» Aim of the task:
Copy the data exactly as it appears, and do not include any pictures.

» Data excerpt:
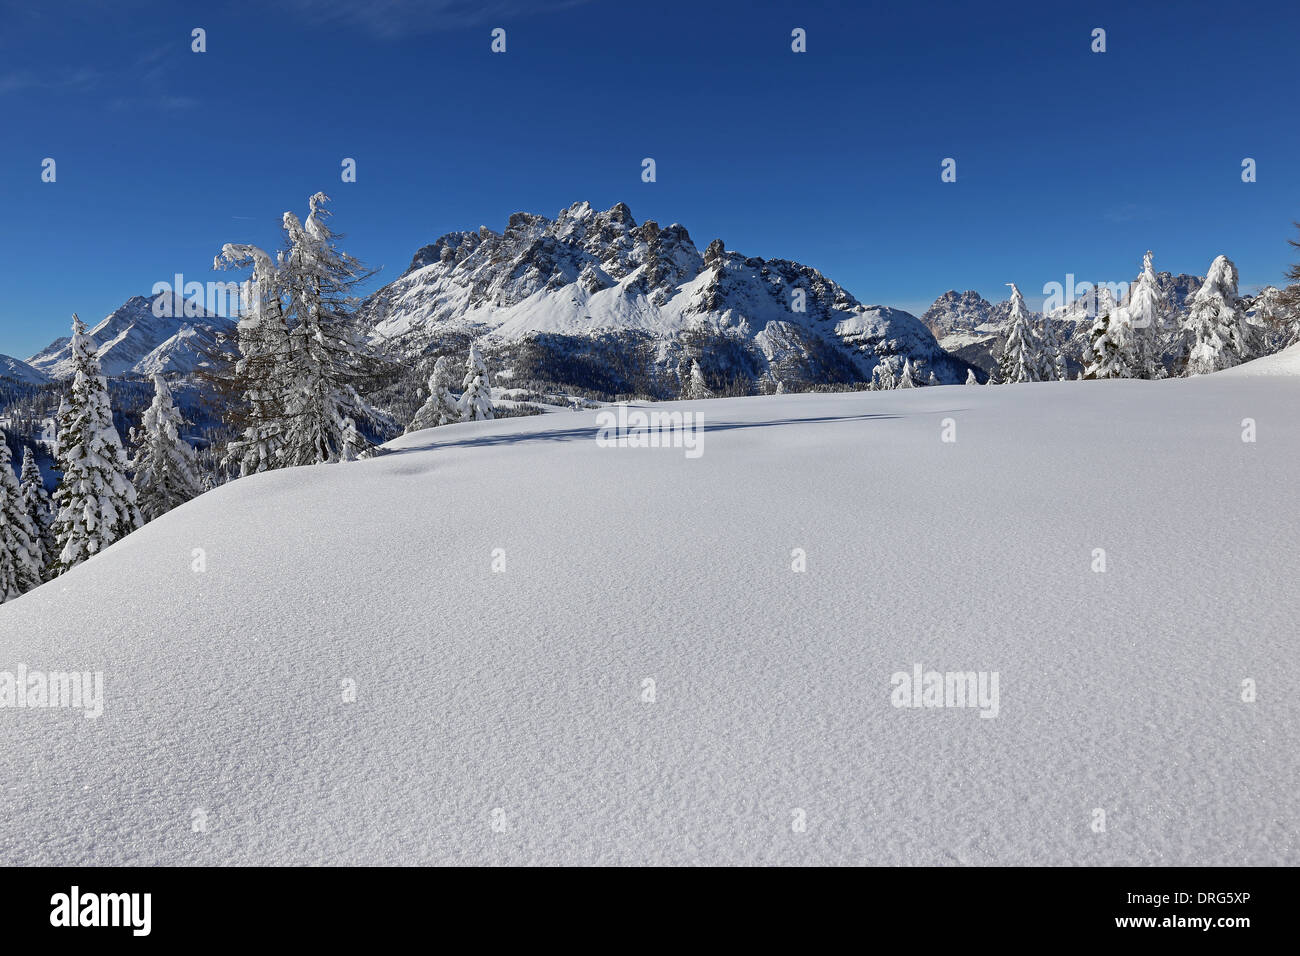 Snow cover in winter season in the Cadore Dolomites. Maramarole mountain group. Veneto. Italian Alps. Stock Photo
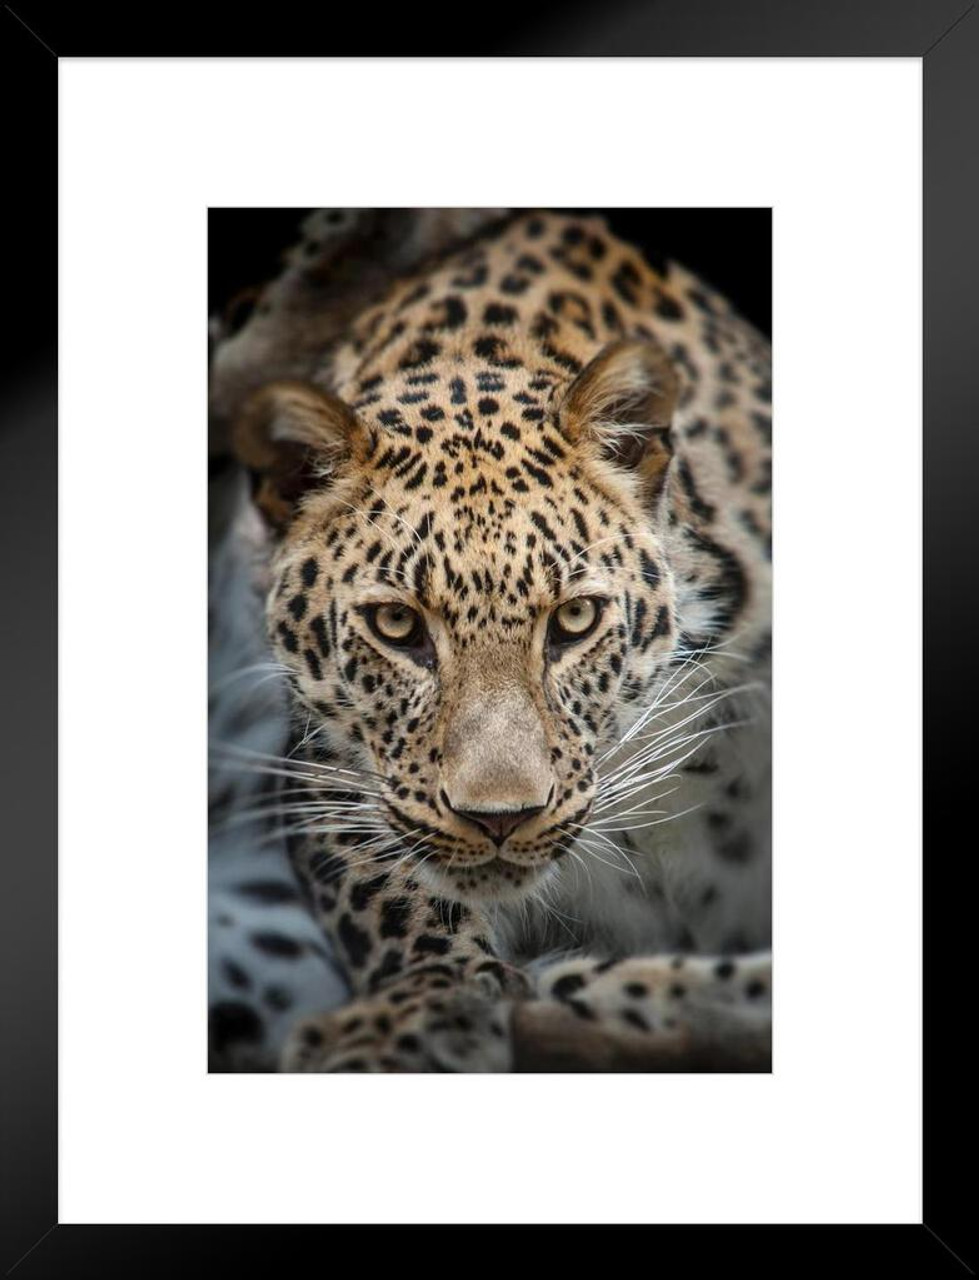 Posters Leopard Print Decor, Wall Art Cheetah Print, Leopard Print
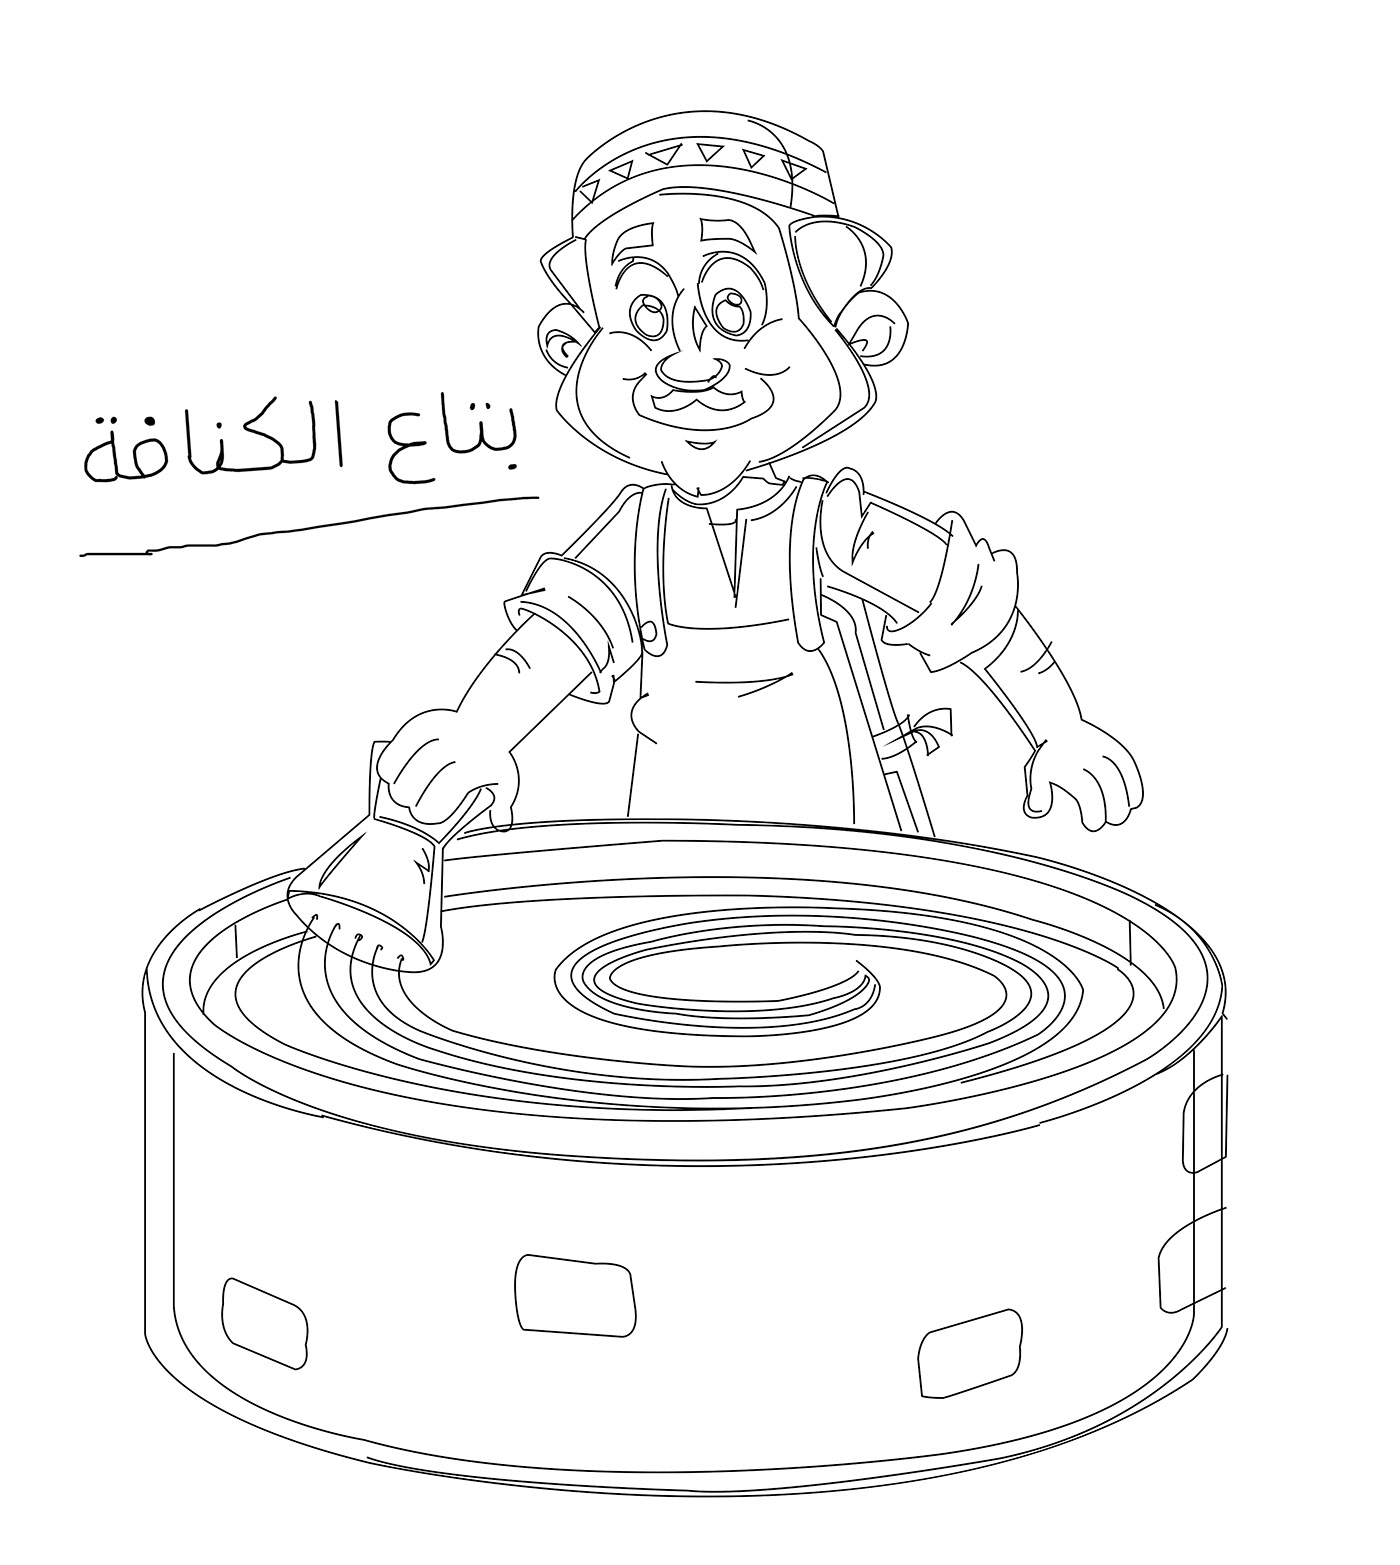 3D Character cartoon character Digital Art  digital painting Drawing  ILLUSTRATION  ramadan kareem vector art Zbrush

» Result of this task:
 Snow cover in winter season in the Cadore Dolomites. Maramarole mountain group. Veneto. Italian Alps. Stock Photo
 Posters Leopard Print Decor, Wall Art Cheetah Print, Leopard Print
 3D Character cartoon character Digital Art  digital painting Drawing  ILLUSTRATION  ramadan kareem vector art Zbrush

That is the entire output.